# For what its worth,...



## Alan Sweet (Jan 25, 2016)

OnLine metals is selling 10"-12" SS, 3/16 sq rod cut offs @$0.89 a piece. They work great for pepper mills. You have to thread them and cut them to length. But, you can buy 6" peppermill kits and make your own shaft up to 12". You can also get them in much longer 1', 2', 3'.... but the price is right. You do need to get in quantity to cut down on shipping costs.

https://www.onlinemetals.com/merchant.cfm?pid=426&step=4&showunits=inches&id=16&top_cat=1

Reactions: Like 1 | Informative 1


----------



## Kevin (Jan 26, 2016)

Alan I am missing where the big savings are when buying a 6" PM kit compared to a 12" kit. On woodturners catalog for example the difference is about $2 by the time you order the after market shafts, pay shipping, spend time threading. Are you going to be making a bunch of them to justify threading them yourself? Just curious is all I mean you'd save about $20 over 10 mills. I guess if you're making 100 mills for a big order it could be worth it though.

Either way thanks for sharing the link. I know Vern and a few others have gotten big orders before and may be interested.


----------



## Kevin (Jan 26, 2016)

Just an FYI for others, I added four 4' shafts to my cart and after their $3 "cut fee" and their significant shipping the 4' shafts come to just under $9 each. If I need only one 4' shaft that will cost me $22.55 to my door.
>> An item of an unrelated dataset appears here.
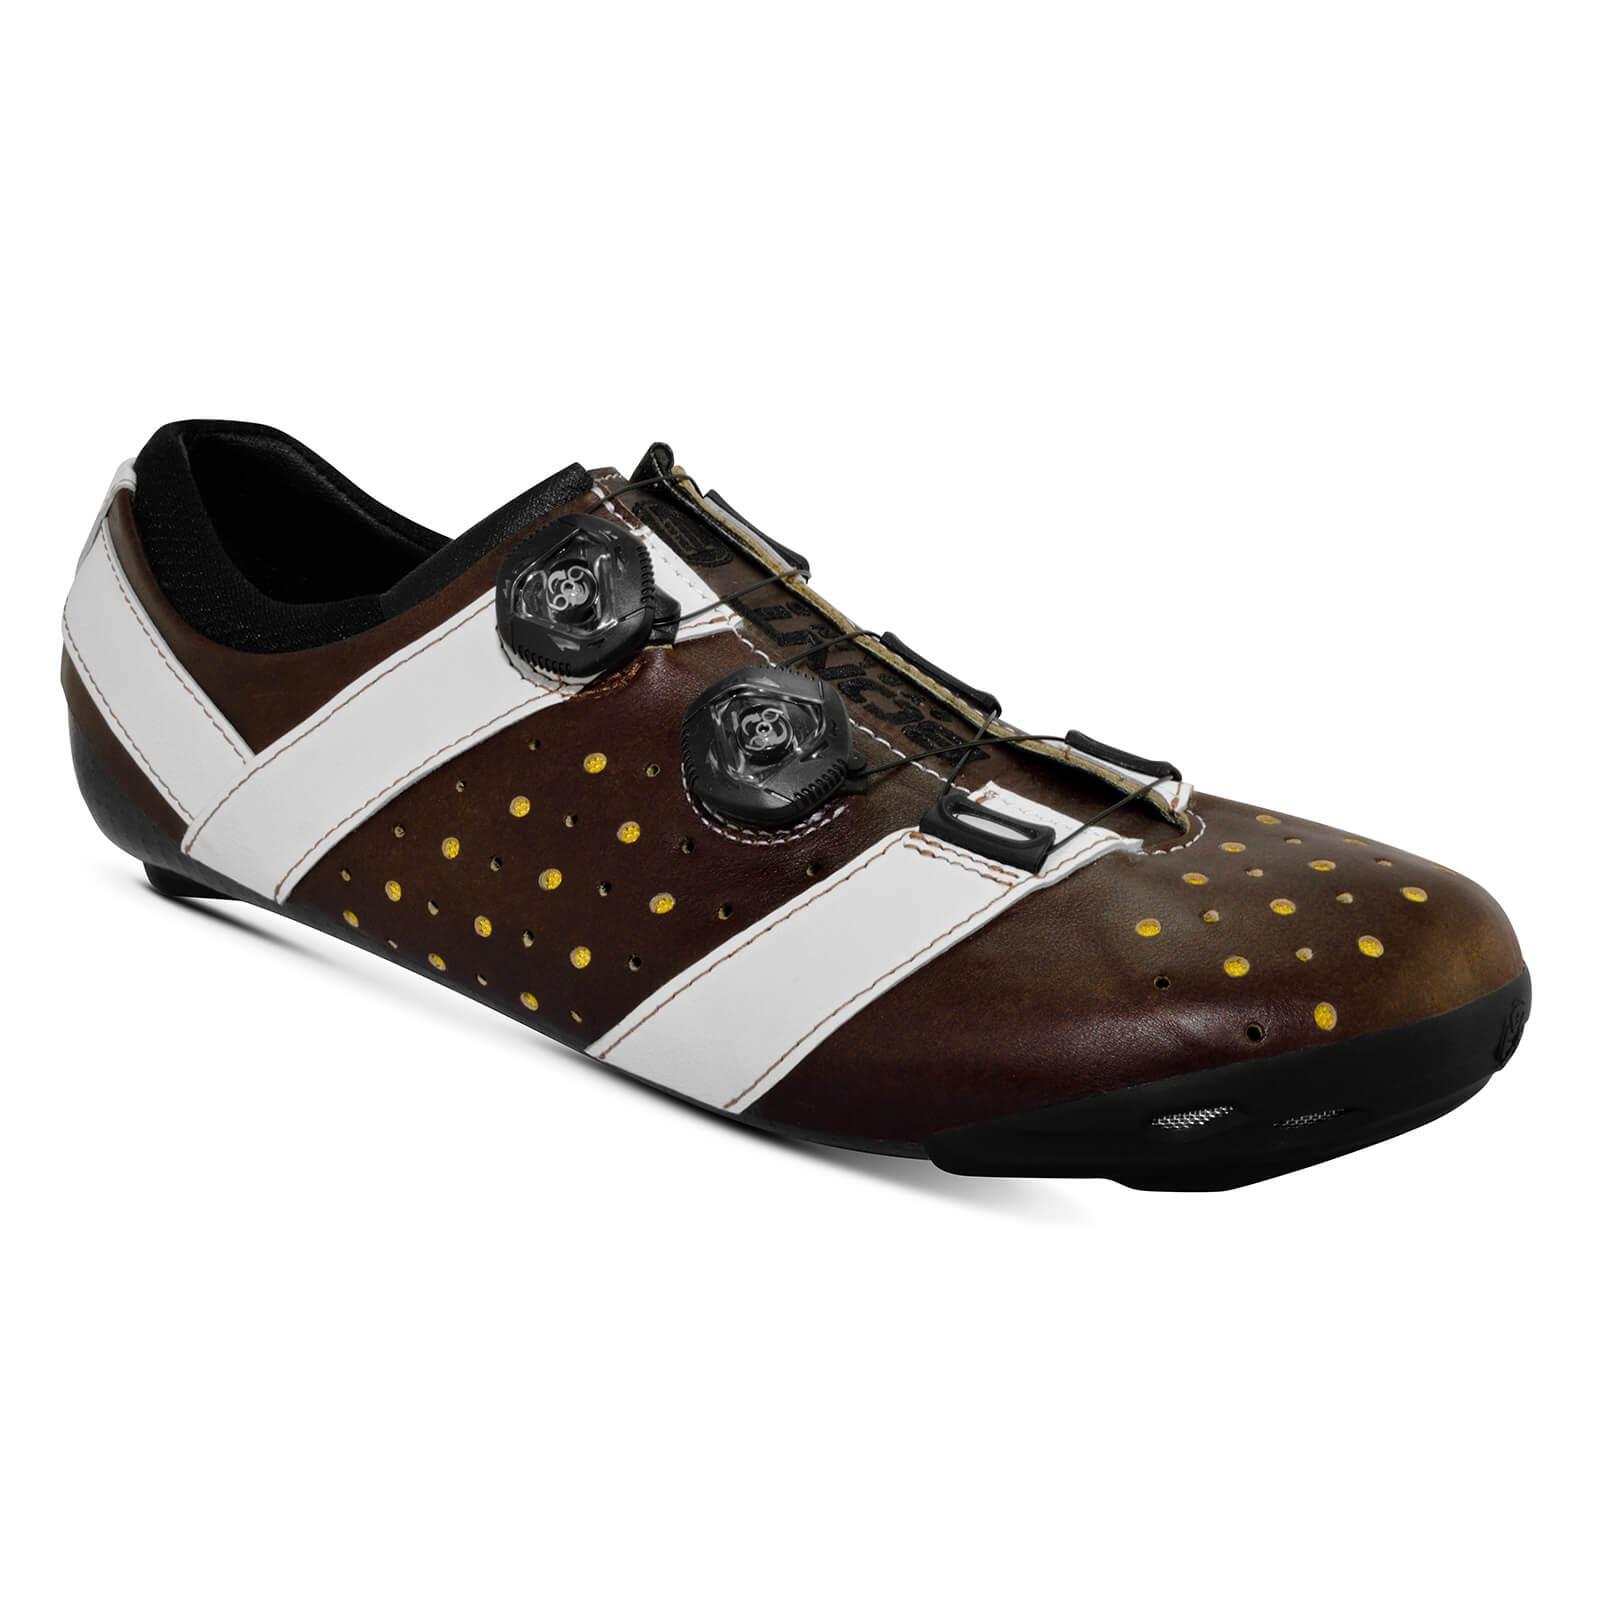 Bont Vaypor + Road Shoes - EU 42 - Normal Fit - Brown/White

But if you need it you need it right.


----------



## sprucegum (Jan 26, 2016)

Kevin said:


> Just an FYI for others, I added four 4' shafts to my cart and after their $3 "cut fee" and their significant shipping the 4' shafts come to just under $9 each. If I need only one 4' shaft that will cost me $22.55 to my door. But if you need it you need it right.


so will we be seeing a 4' mill sometime soon?

Reactions: Agree 1 | Funny 3


----------



## Kevin (Jan 26, 2016)

sprucegum said:


> so will we be seeing a 4' mill sometime soon?



No I will build an 8' one if I go big - and don't say I can't drill it because I can . . . . .

Reactions: Funny 3 | Informative 1


----------